Hence, I can write $P(x|x\geq i:i=0,1,2,3,4........) \propto \left ( x+1 \right )\left ( \frac{1}{5} \right )^x$

OR, In other words

  • $P(x|x\geq i:i=0,1,2,3,4........) = M \left ( x+1 \right )\left ( \frac{1}{5} \right )^x$

Hence, $P(x= 0) = M \left ( 0+1 \right )\left ( \frac{1}{5} \right )^0 = M.1$

$P(x= 1) = M \left ( 1+1 \right )\left ( \frac{1}{5} \right )^1 = M.\frac{2}{5}$

$P(x= 2) = M \left ( 2+1 \right )\left ( \frac{1}{5} \right )^2 = M.\frac{3}{25}$

This thing ends upto infinity ....

Now, Applying the property, that $P(x|x\geq i:i=0,1,2,3,4........) = 1$

  • $M.1.\frac{1}{5}^{0} + M.2.\frac{1}{5}^{1} + M.3.\frac{1}{5}^{2}............$ = $1$
  • $M\left ( 1 + 2.x + 3.x^{2}............... \right ) = 1$

Now, If I apply the last formula from the given figure,

 

I would end up getting $M\left ( 1 + 2.x + 3.x^{2} + 4.x^3 +5.x^4............... \right )$

OR 

This is an arithmetico - geometric progression also. So, that technique also helps here.

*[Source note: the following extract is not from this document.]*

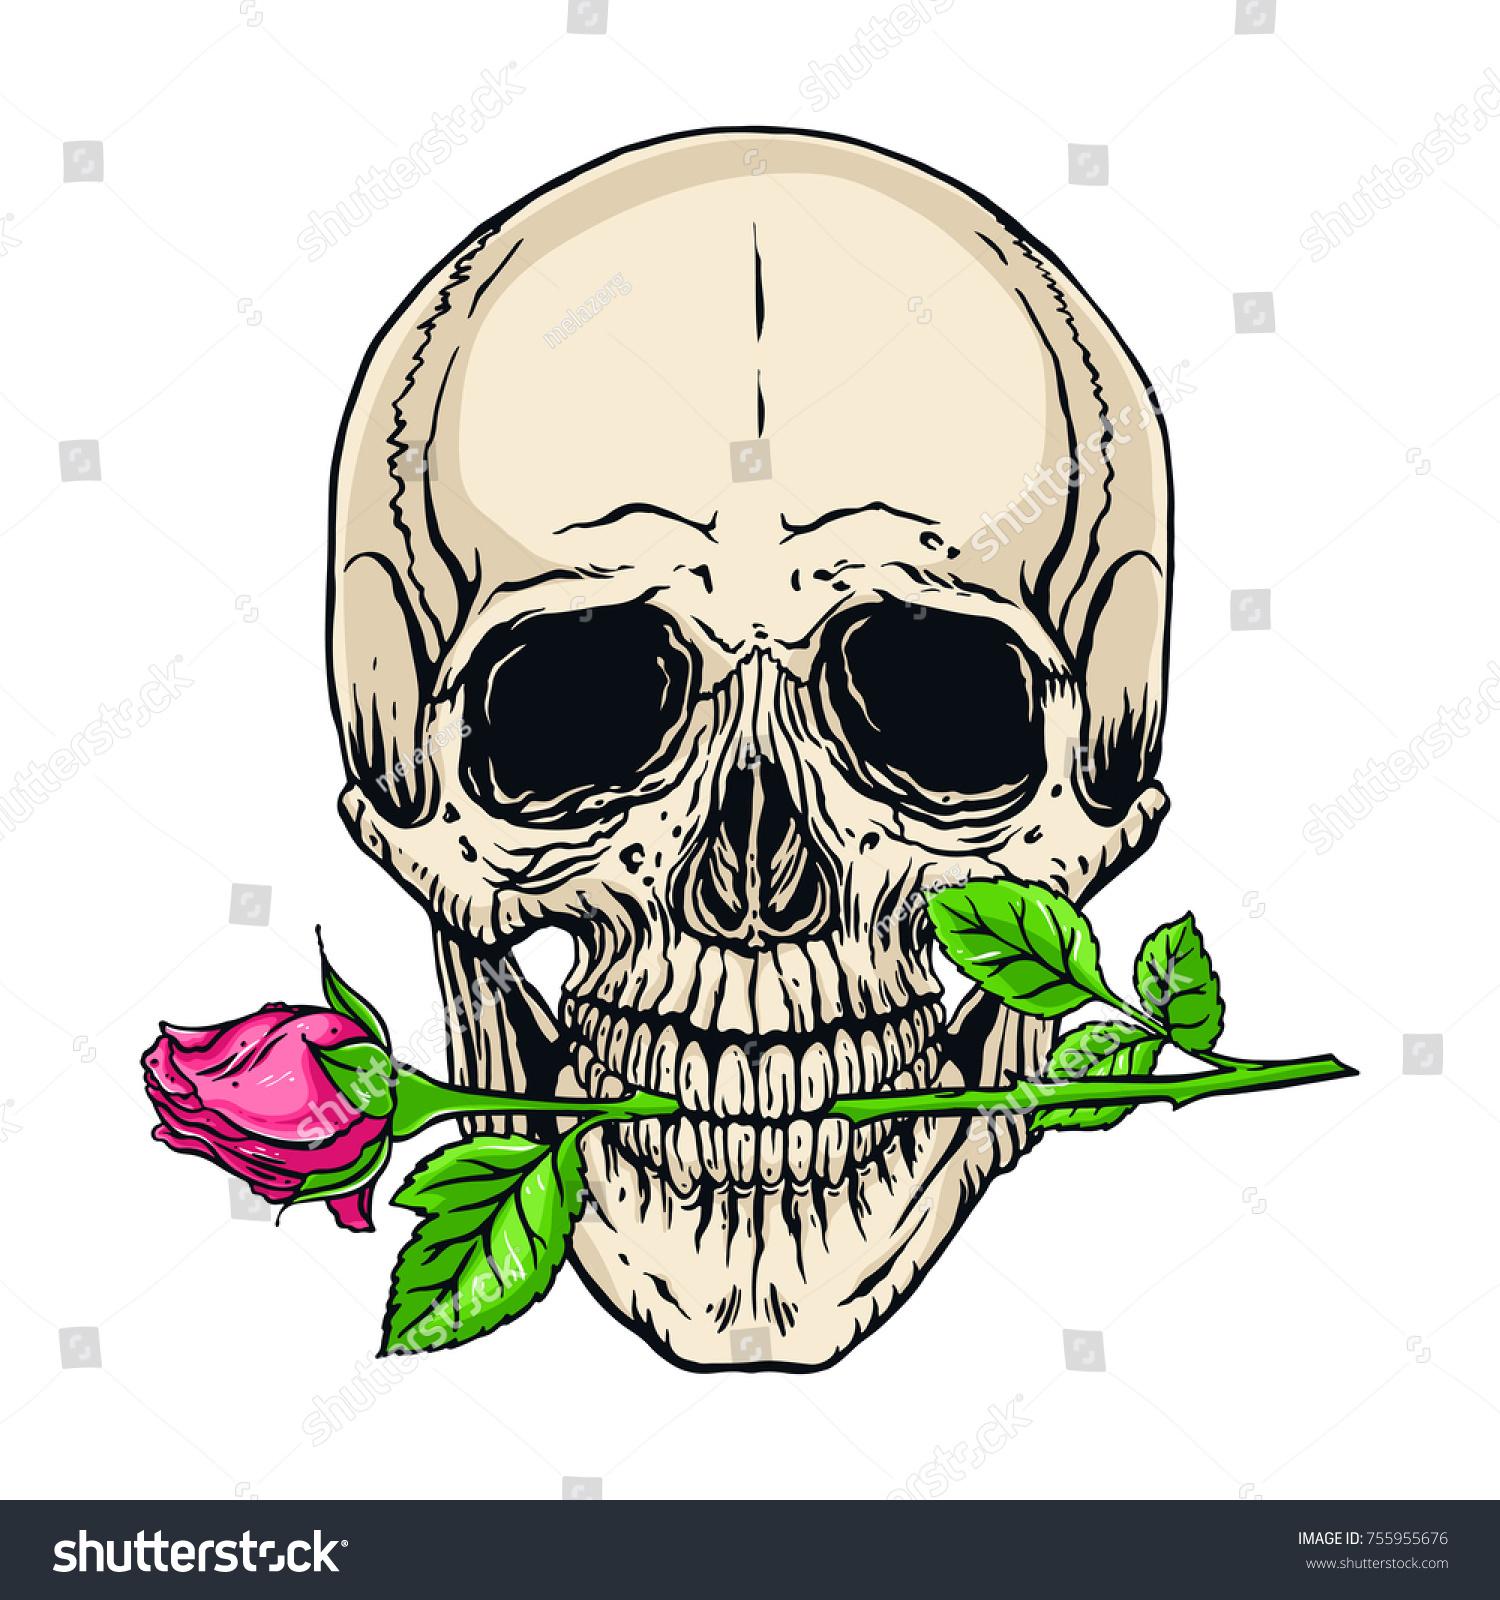 Hand Drawn Illustration Anatomy Human Skull Vectores En Stock ...

$A = 1 + 2x + 3x^{2} + 4x^{3}.............$   

Now, Multiply by $x$,

$Ax = 1x + 2x^{2} + 3x^{3} + 4x^{4}.............$

  • $A(1-x) = 1 + x + x^{2} + x^{3}.............$
  • $A(1-x) = \frac{1}{1-x}$

Apply, any of the above methods.

Hence, Solving this , I get 

  • $M.\left ( 1-x \right )^{-2} = 1$
  • Put, $x = \frac{1}{5} => M= \frac{16}{25}$

Finally, that proportionate probability becomes,

$P(x|x\geq i:i=0,1,2,3,4........) = \left ( \frac{16}{25} \right ) \left ( x+1 \right )\left ( \frac{1}{5} \right )^x$


The Probability that $x\leq 5$ is

$P(x\leq 5) = P(x=0) + P(x=1) + P(x=2) + P(x=3) + P(x=4) + P(x=5) = 0.9997$


 

answered ago by Veteran (40.1k points)  
edited ago by
this was dope !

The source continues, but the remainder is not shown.